Jak mówią, tak piszą. Pominę błąd ortograficzny – ekoterroryści – rzeczownik pisany z dużej litery i do tego w cudzysłowie. Bardziej interesująca jest narracja myśli – coś takiego istnieje – która dokładnie opisuje kondycję intelektualną i mentalną tego, który zechciał się z nami podzielić swymi spostrzeżeniami.
Hofman za swoim prezesem posługuje się wielkimi kwantyfikatorami. Nie użył w tym wypadku prawdy, ale jest u niego zdrada.
Pojęcie: zdrady polskiej racji stanu. Czy nie jest tym samym, co zdrada?. Kto tego się dopuszcza? Palikot. Prezentujący swoją mentalność polityk – Hofman – w tym niewielkim fragmencie obnaża się. Poprawię go: Palikot, Janusz Palikot.
Zdrajca „polskiej racji stanu” promuje zieloną energię, a nie budowę elektrowni atomowej i wydobycia gazu łupkowego. Gdy wejdzie w koalicję z Donaldem Tuskiem, może zagrozić Polsce. Tusk - wiadomo nie od dzisiaj - zdrajca, Palikot stoi na tym samym stanowisku zdrady racji stanu.
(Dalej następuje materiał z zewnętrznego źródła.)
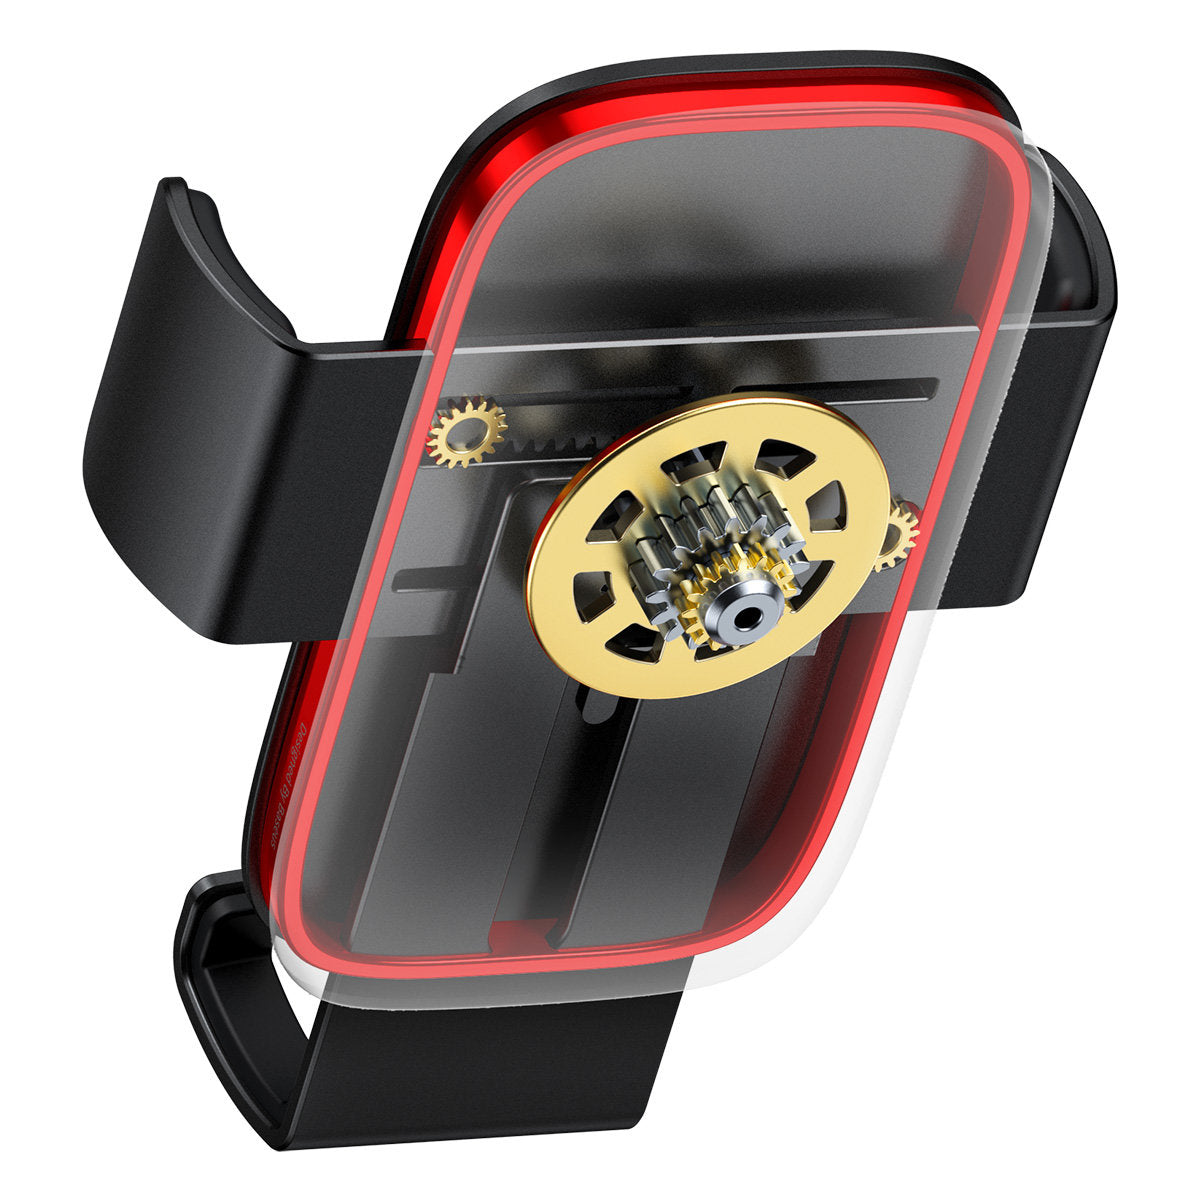 Baseus Metal Age II gravitational car phone holder for ventilation grille black (SUJS000001)

Takie mniej więcej myśli przekazuje nam Hofman, które świadczą o nim. Pewnie także o sporej części czytelników. Przy okazji możemy dowiedzieć się, że Zieloni 2004, z którymi Palikot organizuje konferencje prasowe, inspirują go. Zdradą – rzecz jasna.
Z kolei „polscy” Zieloni są ekspozyturą Zielonych w PE. Niewielka notka Hofmana, a wywrotek jego kondycji intelektualnej bez liku. Wychodzi z tego, że Daniel Cohn-Bendit to terrorysta nawet bez przedrostka eko. Rozumiem więc strajk historyków, aby więcej było lekcji historii dla takich uczniów, jak Hofman.
Poseł Hofman odsyła linkiem do "Gazety Polskiej", który to organ bije na głowę brakiem profesjonalizmu wszystkie tytuły razem wzięte.
Ot, taki bibelocik blogowy rzecznika prasowego PiS, który mówi o nim wszystko, a przede wszystkim: kto nie powinien zajmować się polityką.